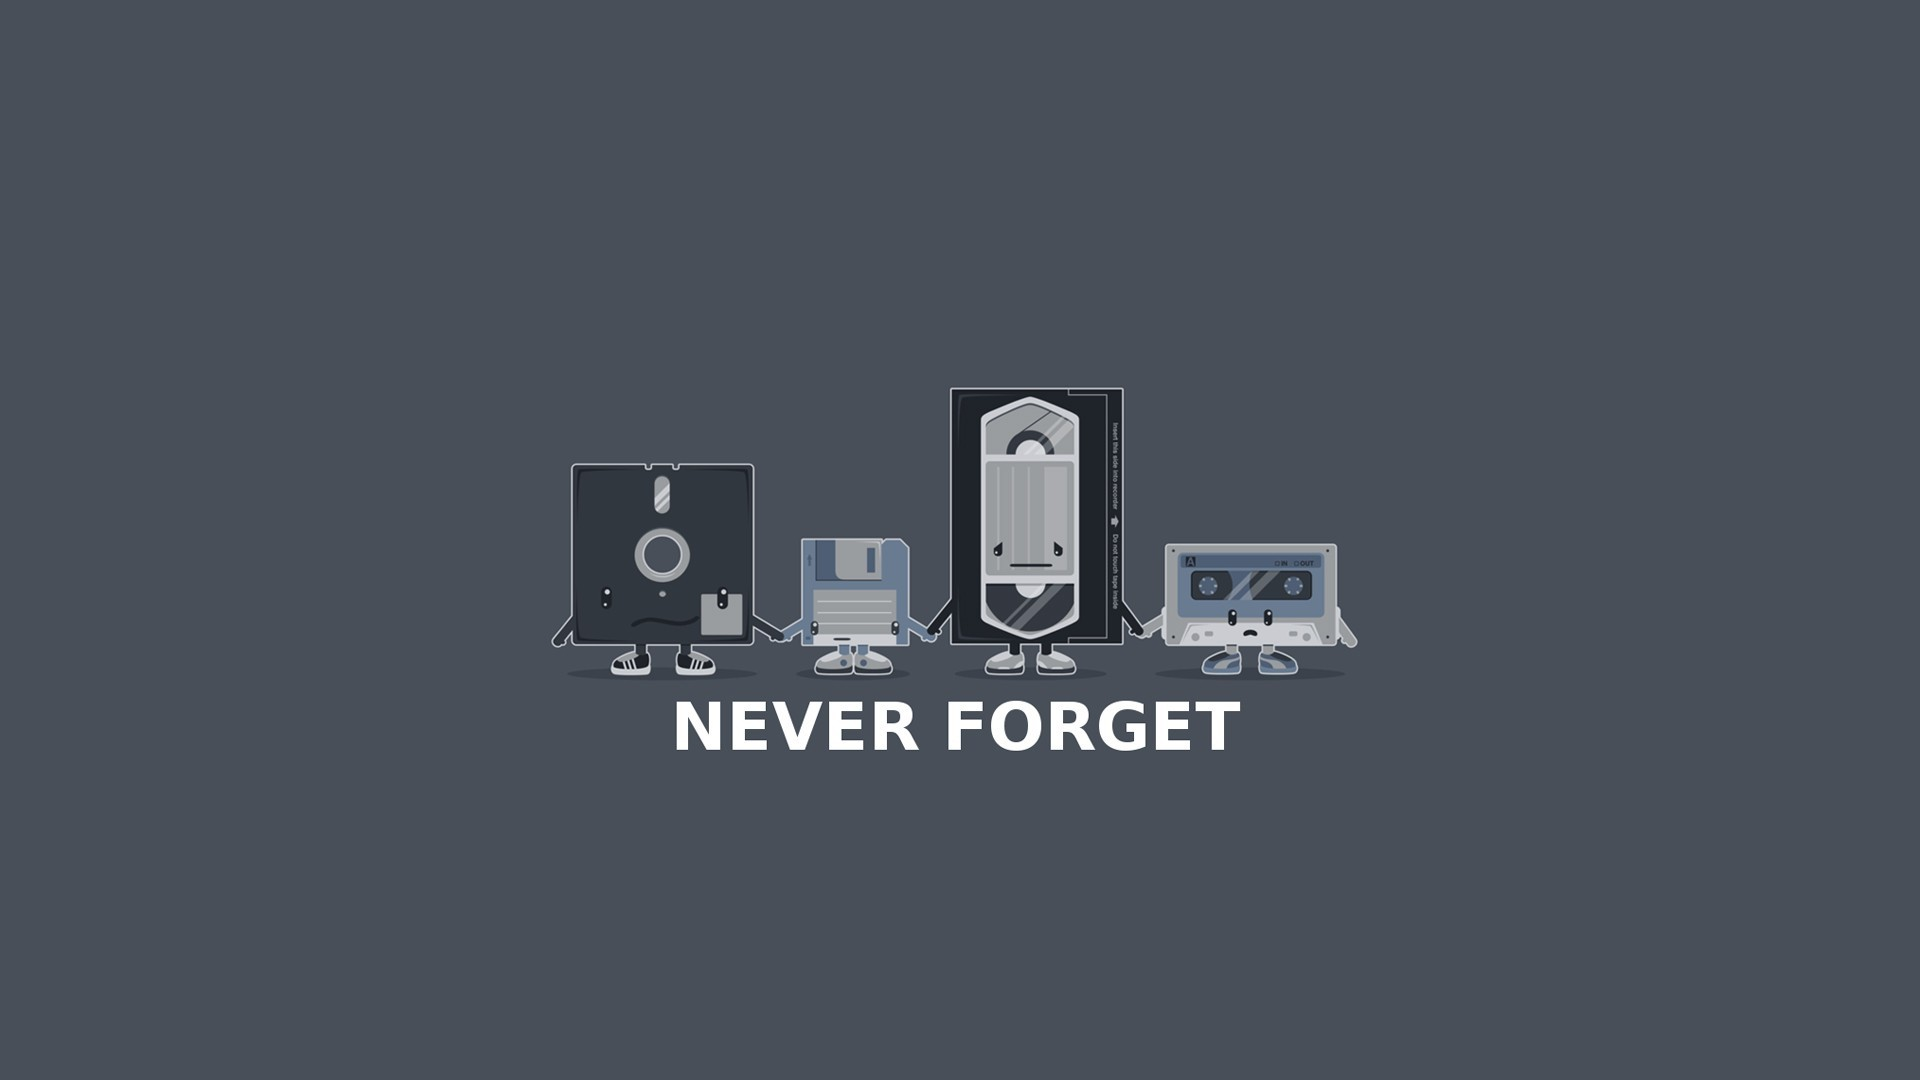 humor computer vhs floppy disk digital art simple background nostalgia vintage minimalism tape gray
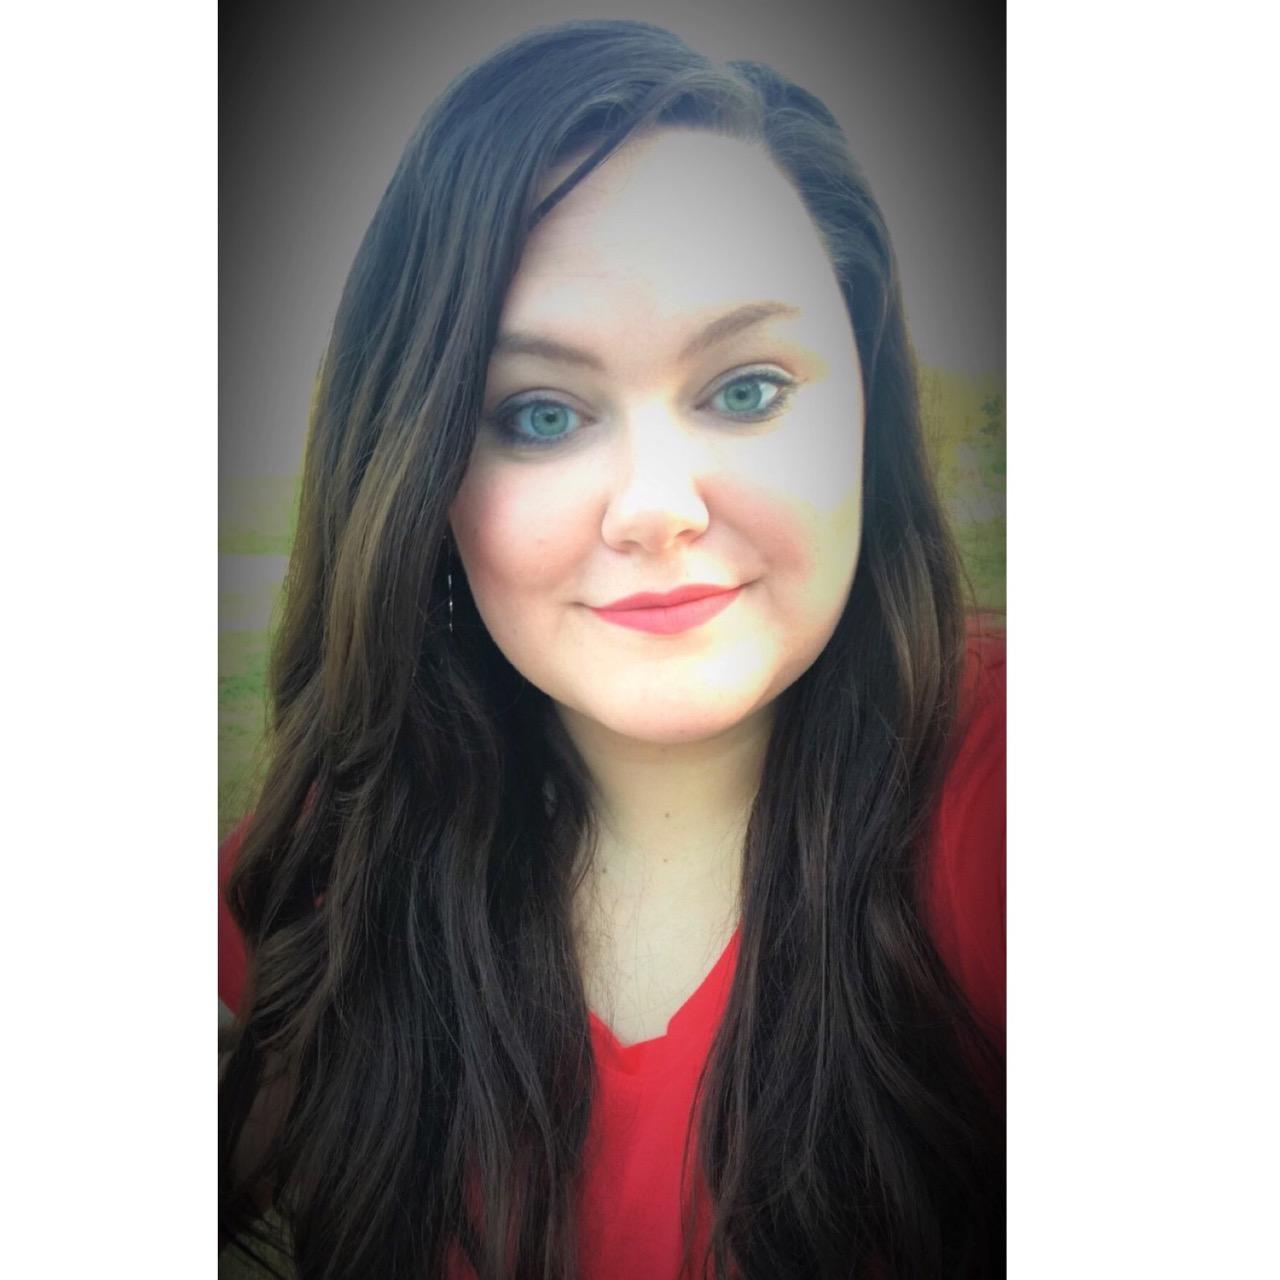 Megan Burleson
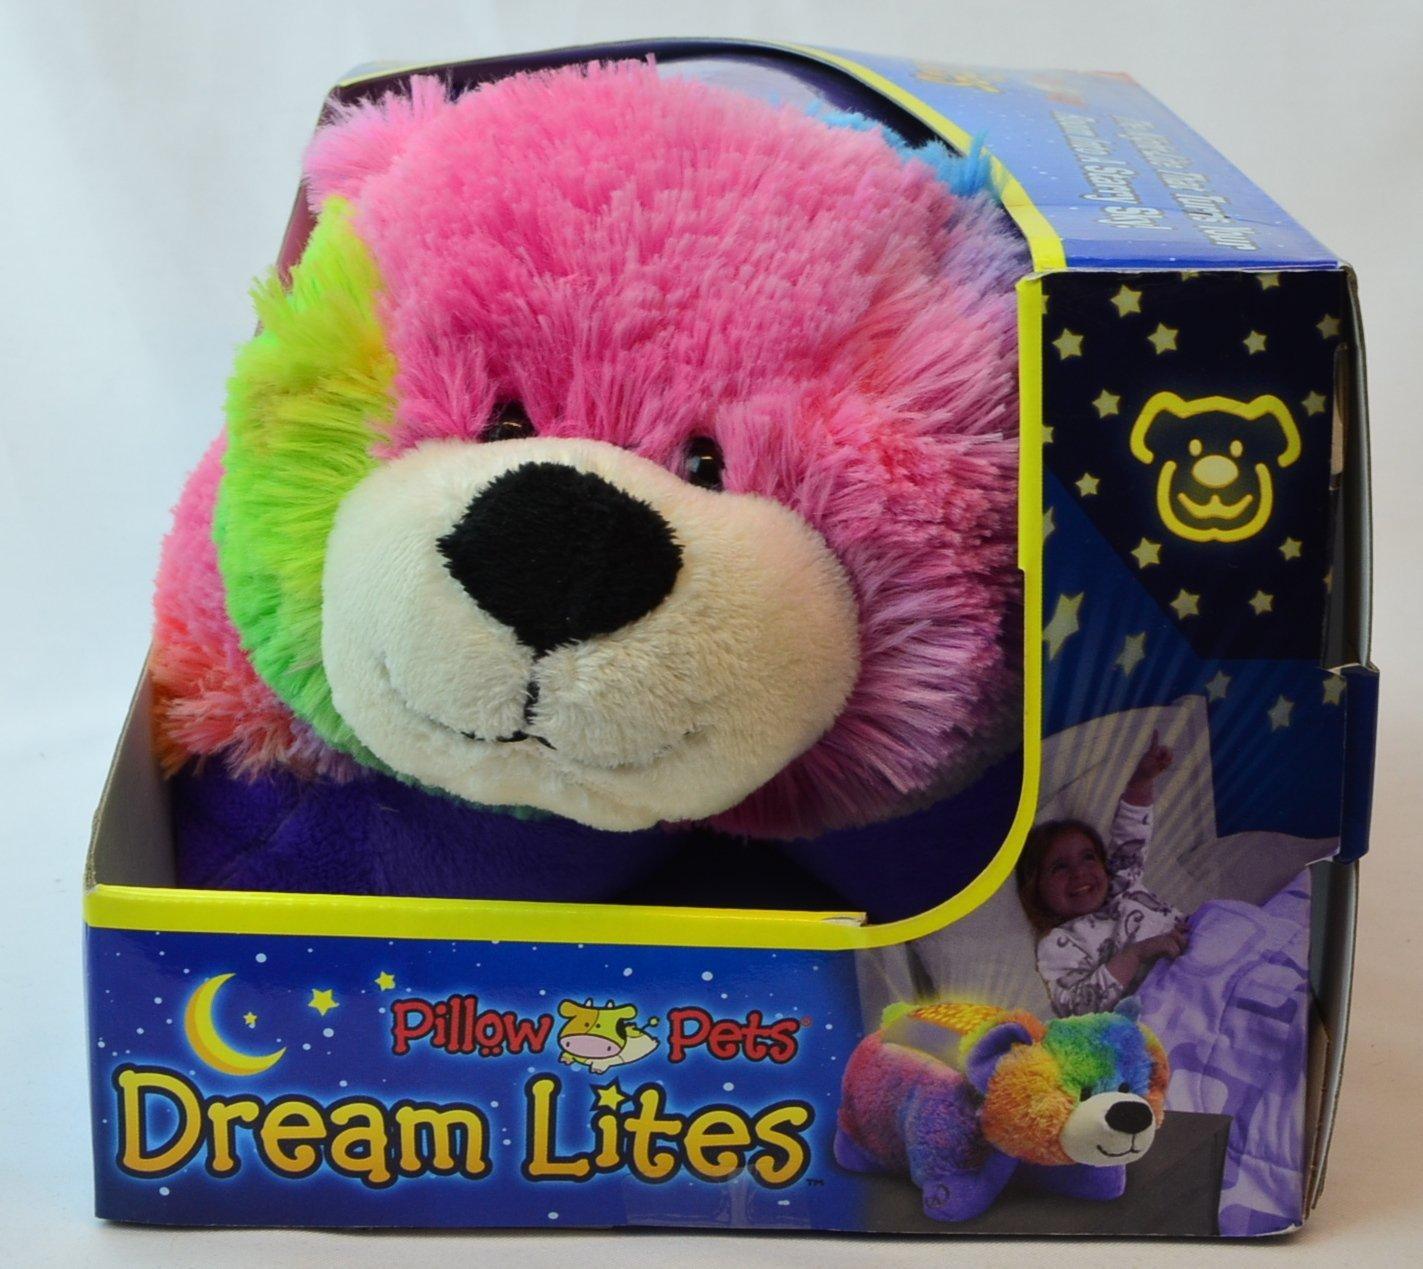 Amazon.com: Pillow Pets Dream Lites Plush Night Light - Peace Bear ...:Amazon.com: Pillow Pets Dream Lites Plush Night Light - Peace Bear 11
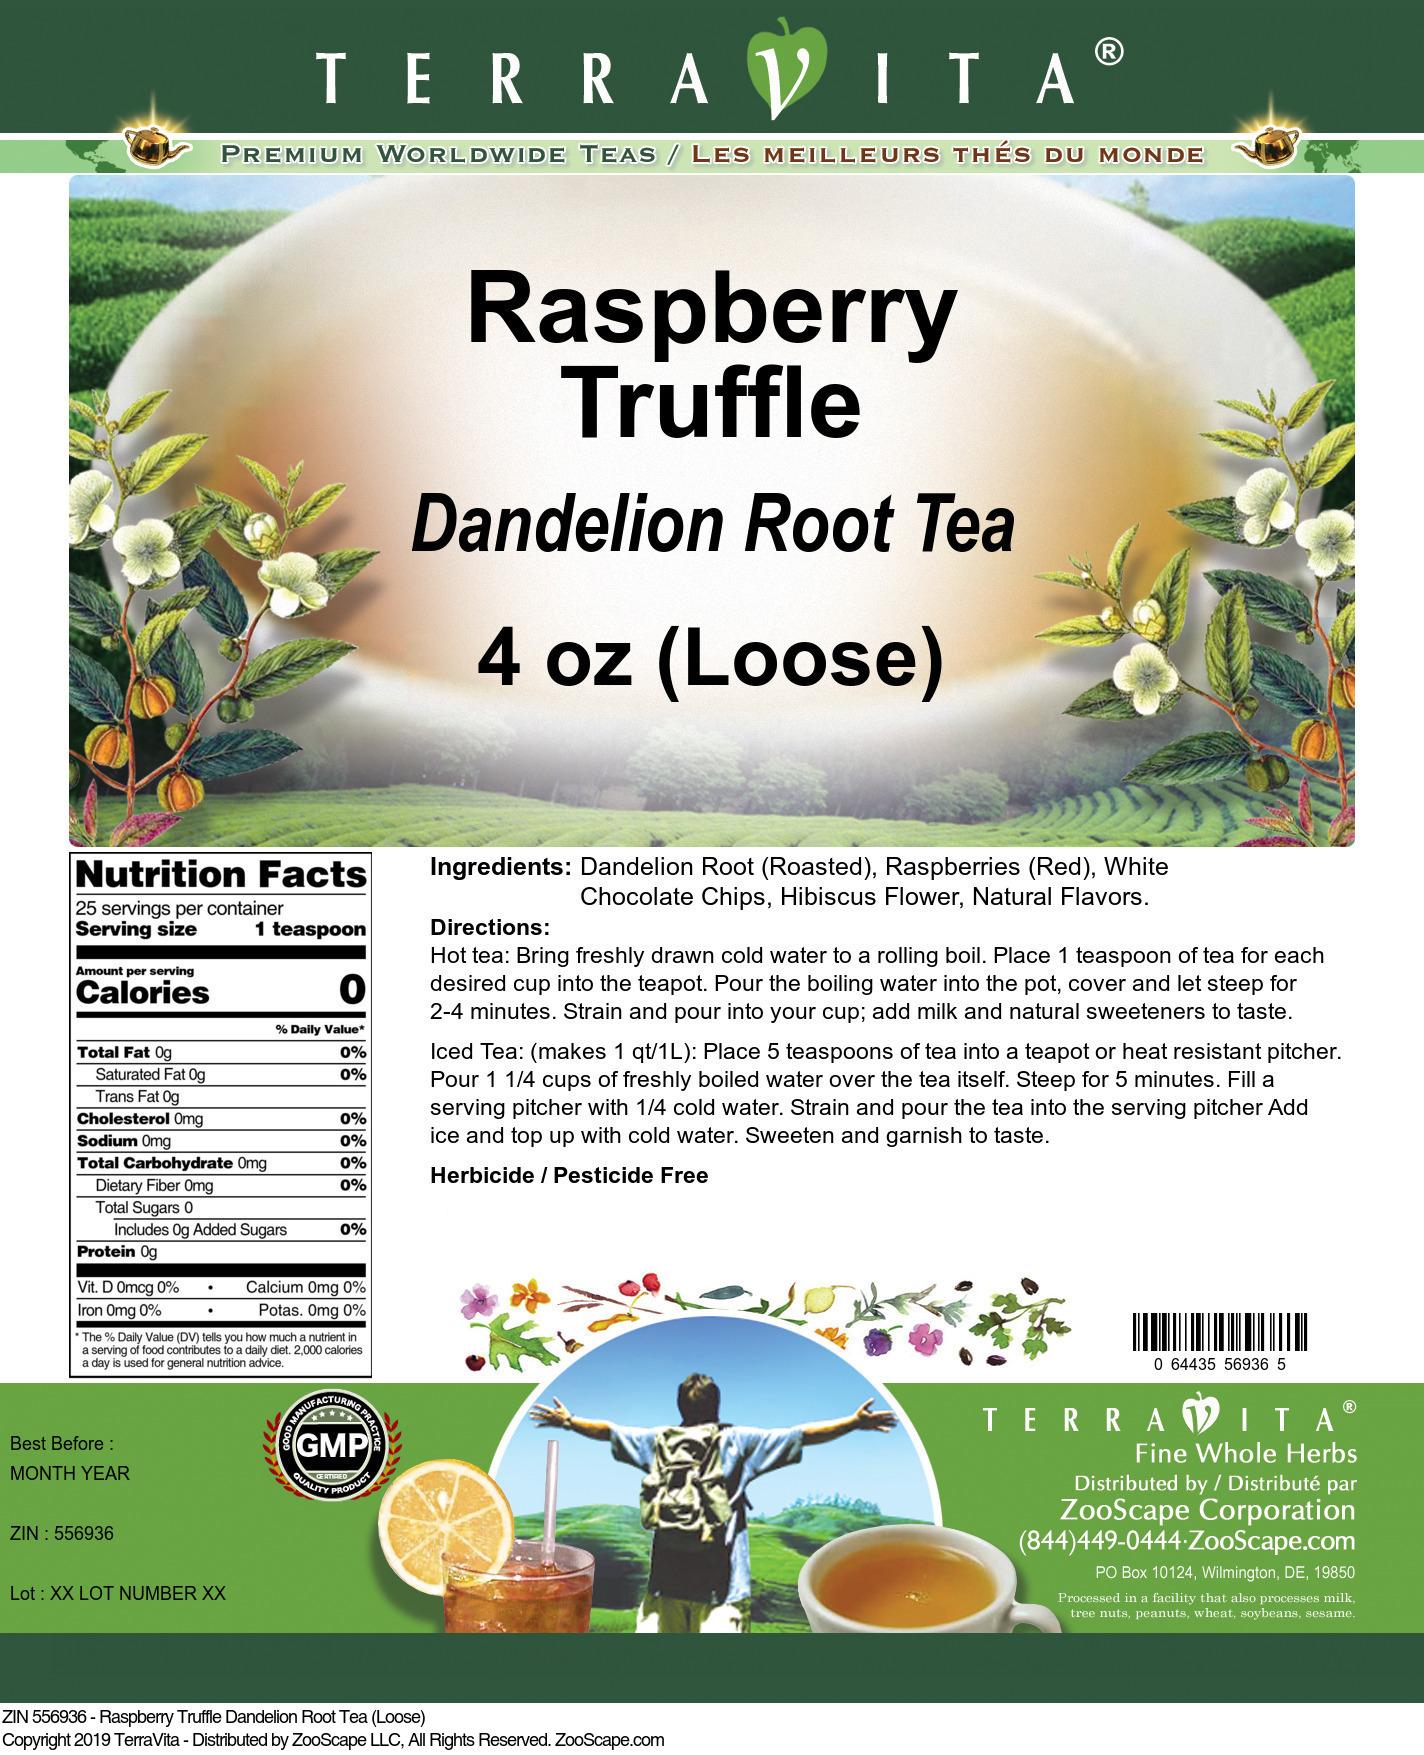 Raspberry Truffle Dandelion Root Tea (Loose)

Task to carry out: Could you return the whole listing exactly, with every picture removed?

Exercise result:
 humor computer vhs floppy disk digital art simple background nostalgia vintage minimalism tape gray
 Megan Burleson
 Amazon.com: Pillow Pets Dream Lites Plush Night Light - Peace Bear ...:Amazon.com: Pillow Pets Dream Lites Plush Night Light - Peace Bear 11
 Raspberry Truffle Dandelion Root Tea (Loose)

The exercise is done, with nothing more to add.